Итак, Фоминишна беспокоится вовсе не о том, что Липочка «не доест» положенных ей при другом (более удачном) раскладе пирогов. Старая няня образно и афористично отзывается об общеизвестном презрении «офранцузившихся» «благородных» ко всему русскому – к вопросам веры и благочестия, ко всему, что связано с церковью, а это – гораздо более серьезно. Она попросту говорит: благородные никакой разницы между постом и мясоедом, между праздниками (в том числе, и воскресениями) и буднями не видят и не признают, потому что от православной веры фактически давно уже отпали.
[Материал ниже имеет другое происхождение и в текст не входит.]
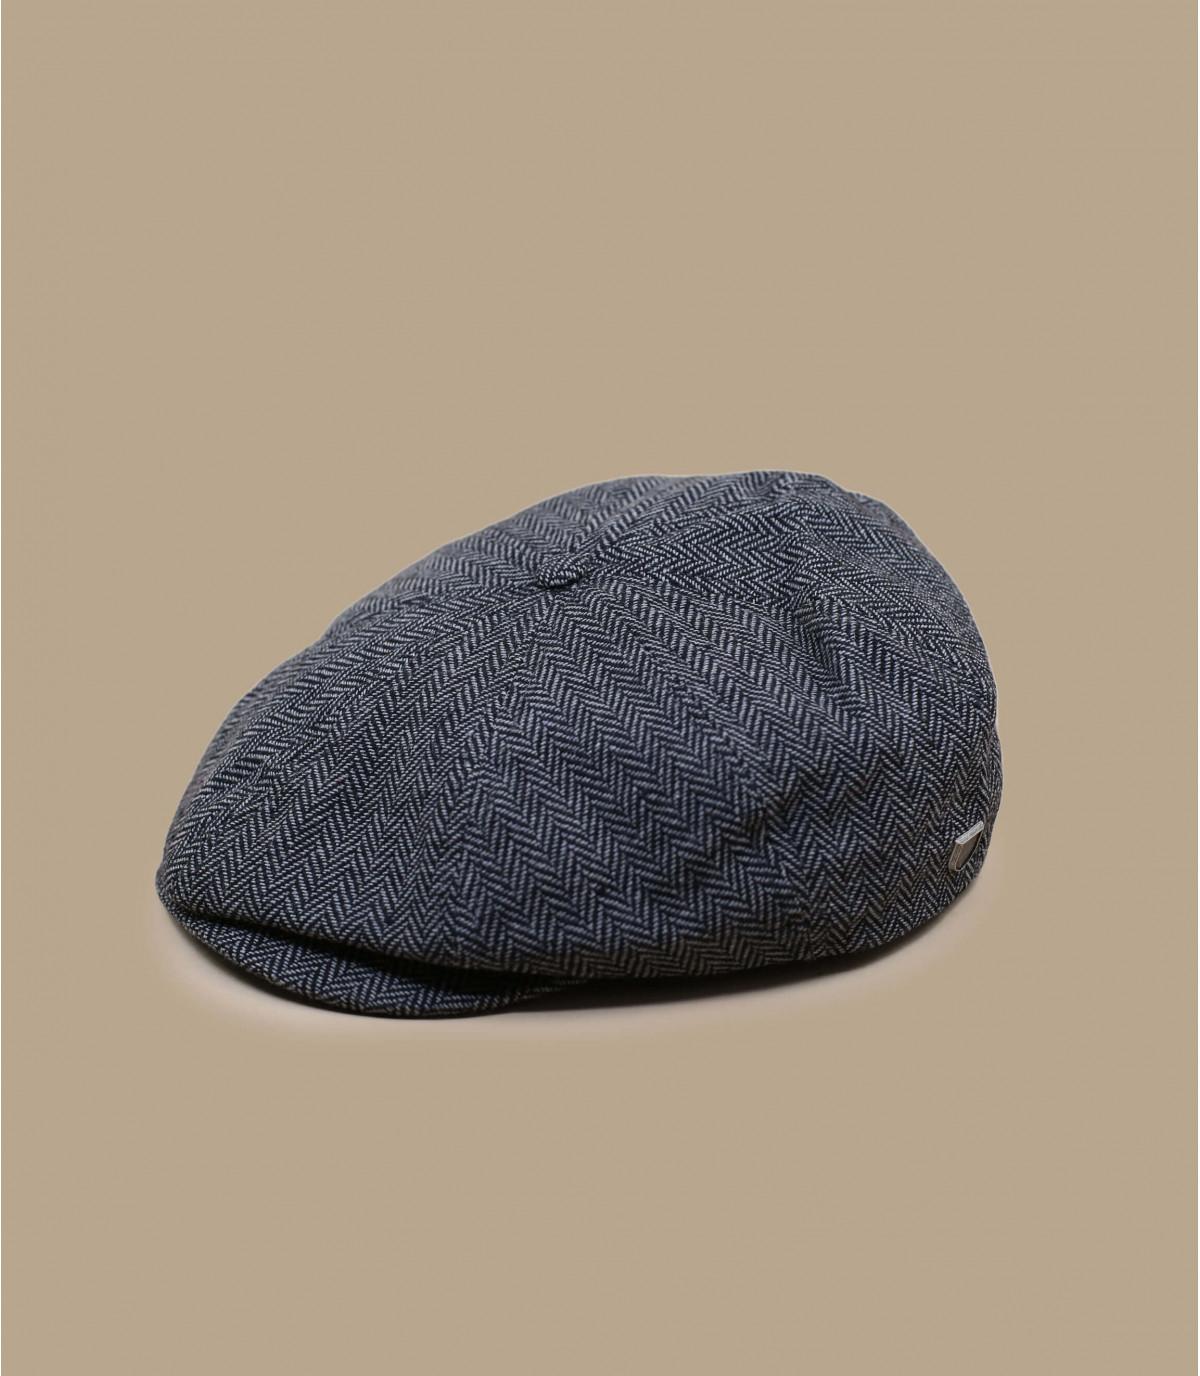 Gray flat cap

И если новоиспеченная супруга не захочет, чтобы у них с мужем были разные представления о том, что считать праздниками и как их отмечать, то она (скорее всего, именно она, «неблагородная», а не ее «благородный» супруг) вынуждена будет изменить привычный по отчему дому образ жизни, за ним – изменить систему ценностей, приоритеты и стереотипы поведения, а там и мировосприятие в целом. Убеждение старой няни в том, что подобный путь не принесет ничего, кроме невосполнимых нравственных потерь и вреда для души ее воспитанницы (а вовсе не «логический вывод» о «священности и нерасторжимости» связи воскресенья и пирогов и/или субботы и бани ), – вполне обычно для любого верующего человека. Что же касается оперирования категориями мужик и баба в указанном автором постулате, то оно выглядит маловероятным не только для благородного, но и для простой Фоминишны (у которой вряд ли повернется язык назвать бабой свое ненаглядное дитё – Липочку, а ее будущего благородного мужа – мужиком).
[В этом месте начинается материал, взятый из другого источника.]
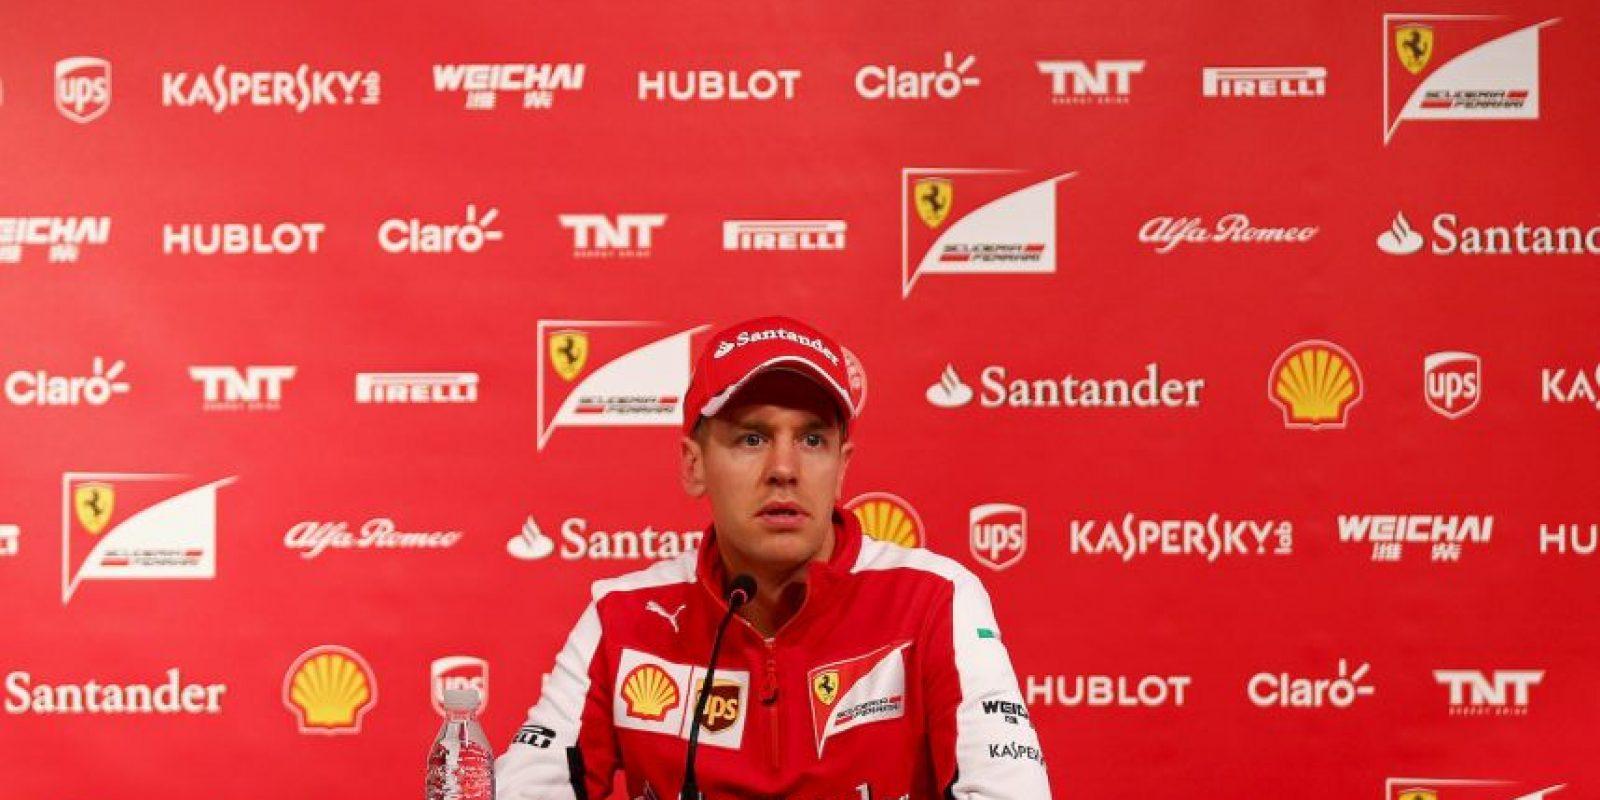 Vettel ha ganado cuatro de las últimas cinco temporadas Foto:Getty

Нам представляется, что именно в подобных явлениях А.Л. Вассоевич видит то, что он называет попыткой «переосмысления одного мировоззрения через другое», с чем нельзя не согласиться. [Вассоевич 1998, 144-145]. Ему как специалисту по древностям приходится довольно часто встречаться с подобными фактами: «Настойчивое стремление рассматривать древнейшие письменные свидетельства через призму известного мироощущения второй половины XIX – начала XX века дискредитировало себя уже в 70-е годы. Об этом открыто еще не писали, но уже частенько говорили в университетских аудиториях и в коридорах академических институтов. Время требовало новых методологических подходов в историко-философских исследованиях, и проблема эта сохранила свою актуальность и по сей день» [там же, 11]. Это актуально и по отношению к прагматической обусловленности современного ДАА.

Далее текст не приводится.